Едва тюремщик закрыл за ним дверь, Мишель горько сказал:
– Скажите, почему я не могу осудить вас прямо сейчас, матушка? Я слышал ваше признание. Вы подтверждаете, что занимались колдовством. Я давал вам возможность покаяться и получить прощение Господне. Вы отказались. Зачем мне слушать ваш дальнейший рассказ?
– Ты совсем не обязан это делать, – быстро ответила она.
– А кроме того, вы изо всех сил старались околдовать меня. Вы наслали на меня сновидения другого человека, еретика, попавшего в сети дьявола.
Он остановился, потому что вдруг осознал, что она только что сказала, и сел, застыв в смущенном молчании. Ему казалось, что и сознание, и сердце у него расколоты надвое. Как христианин, умом он понимал, что ее повествование о магии было чистой ересью, а откровенные рассказы о плотской любви – непристойностью.

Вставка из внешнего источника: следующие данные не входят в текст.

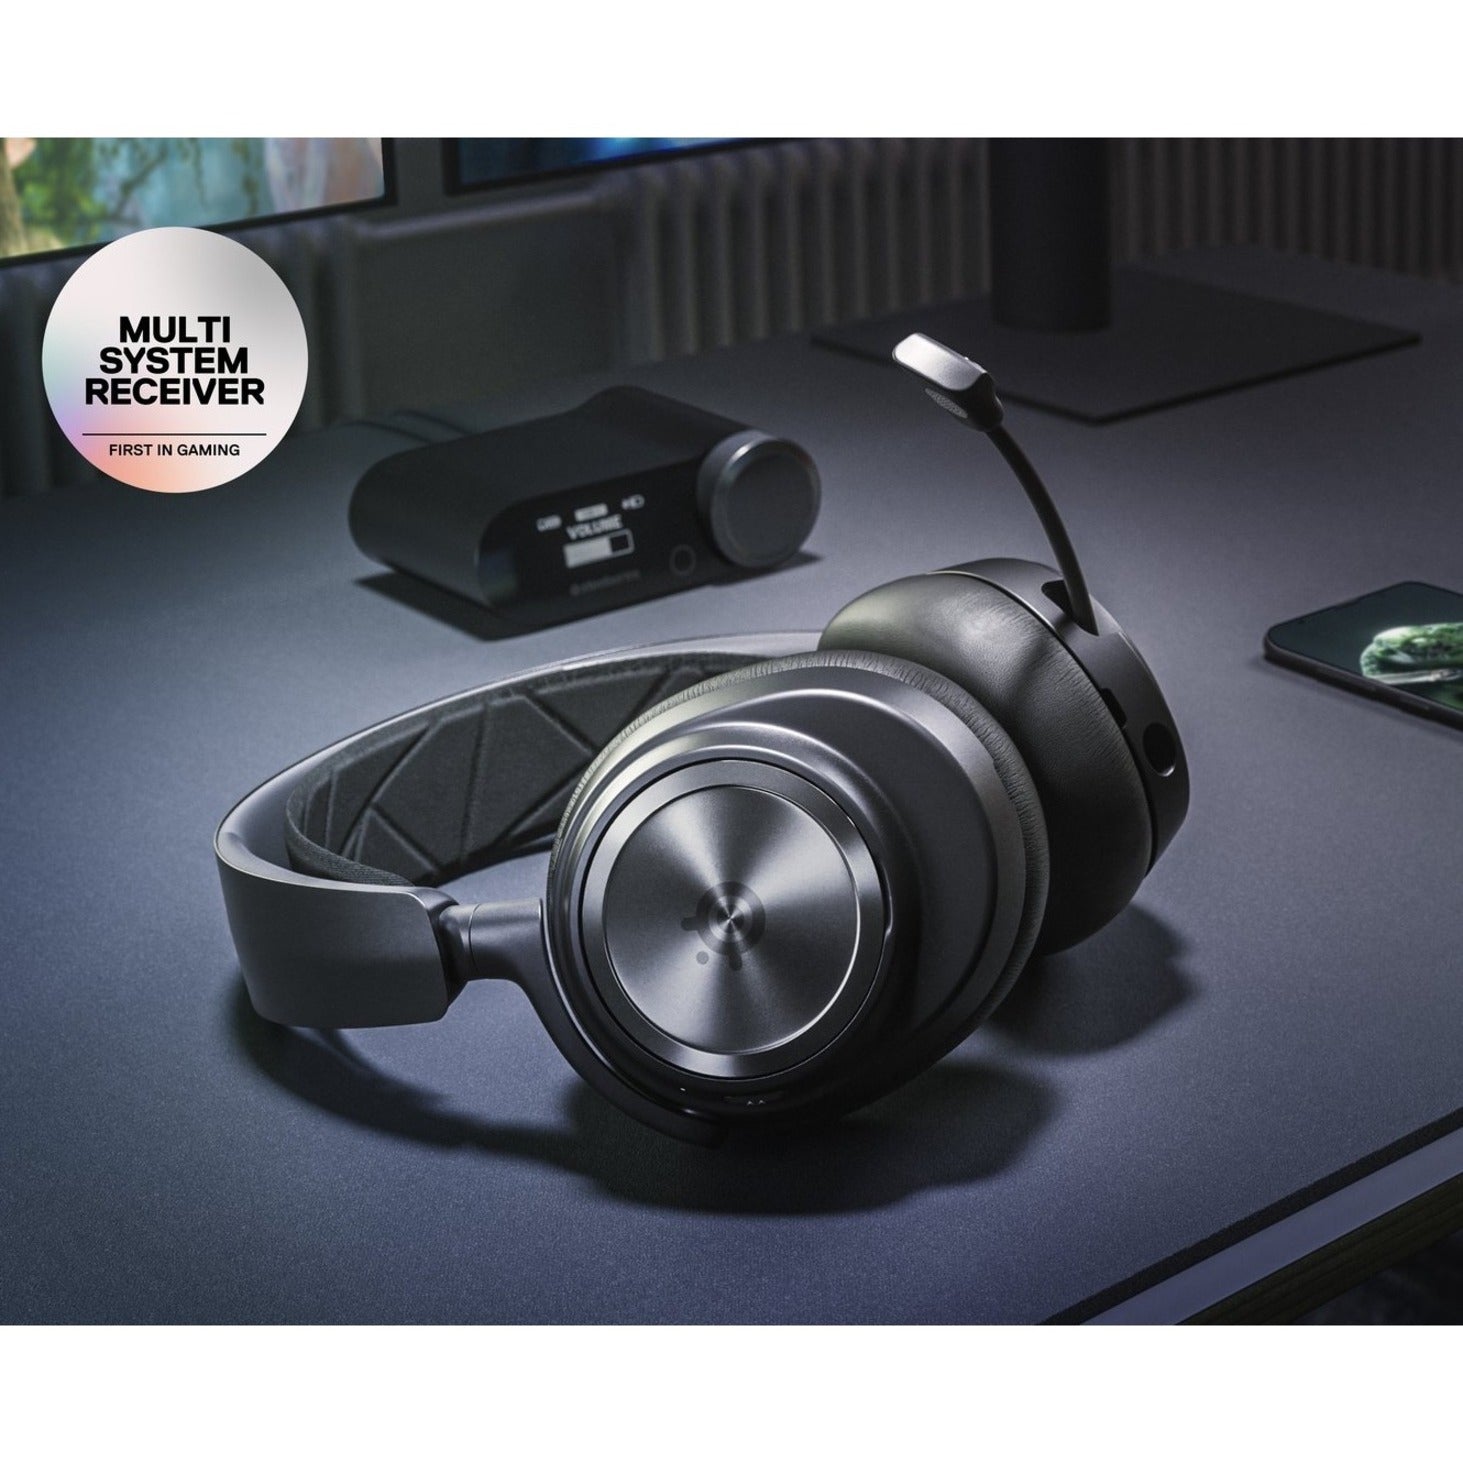 SteelSeries Arctis Nova Pro wireless headset review: A gamer's delight

Но он не мог отрицать, что она волновала его – одновременно и его дух, и его чувства. Несмотря на то что она призналась в злодеяниях, он по-прежнему относился к ней как к святой, великой целительнице, посланной Богом. В то же время его обуревало страстное вожделение, равного которому он никогда не испытывал. И это вожделение было смешано с любовью чистой и святой.
– Я действительно послала тебе эти сновидения, – призналась аббатиса. – Они рассказывают историю моего возлюбленного, Люка де ля Роза. Он был не еретиком, а героем. Он лечил, а не убивал, и в конце концов пожертвовал собой ради любви. И мои страдания – ничто в сравнении с его страданиями, поэтому я хочу, чтобы рассказ о нем был доведен до конца. То, что ты не успеешь услышать днем, ты увидишь ночью во сне. – Она помолчала. – Ты не оставил мне иного выхода. – Потом ее тон снова смягчился. – У меня хороший слух. Я слышала, что сказал тебе отец Тома в коридоре. Он угрожал тебе смертью, ведь так? – Мишель не ответил, и она продолжала: – Мой бедный брат, твоя судьба связана с моей. Ничего не поделаешь. И все же позволь мне снова отказаться от покаяния. Снова и снова. Ты дал мне столько шансов, сколько позволяет закон, и тебе не надо винить себя в том, что ты должен приговорить меня. Моя судьба была предопределена задолго до того, как меня привели в эту тюрьму. Но твоя судьба – в твоих руках. Ступай и скажи отцу Тома, что ты вынес приговор.
Мишель обдумал ее слова. Логичным было бы приговорить ее. Она призналась в том, что является ведьмой, она отказалась покаяться, и теперь, следуя букве закона, он мог спасти свою жизнь. И все же… И все же он не мог отрицать того, что, несмотря на ее рассказ, каждое ее действие доказывало, что она – та самая святая, какую он и ожидал в ней увидеть. Даже теперь она заботилась о его благополучии, с кажущимся бесстрашием встречая собственную судьбу. Была ли она еретичкой или нет, но в ней было столько доброго! Но даже если б это было не так, она, как и все дети Божьи, заслуживала того, чтобы ей была дана возможность узнать Его перед смертью.
И все же он не мог избавить себя от надежды, что если бы она обратилась в христианство, Риго мог бы снизойти до помилования.
Он вздохнул и сказал как ни в чем не бывало: – Матушка, у нас нет времени для подобных споров. Прошу вас, продолжайте ваш рассказ, и побыстрее.
Губы у нее были такими распухшими, что улыбаться ей было трудно. Но по ее глазам он понял, что она улыбнулась.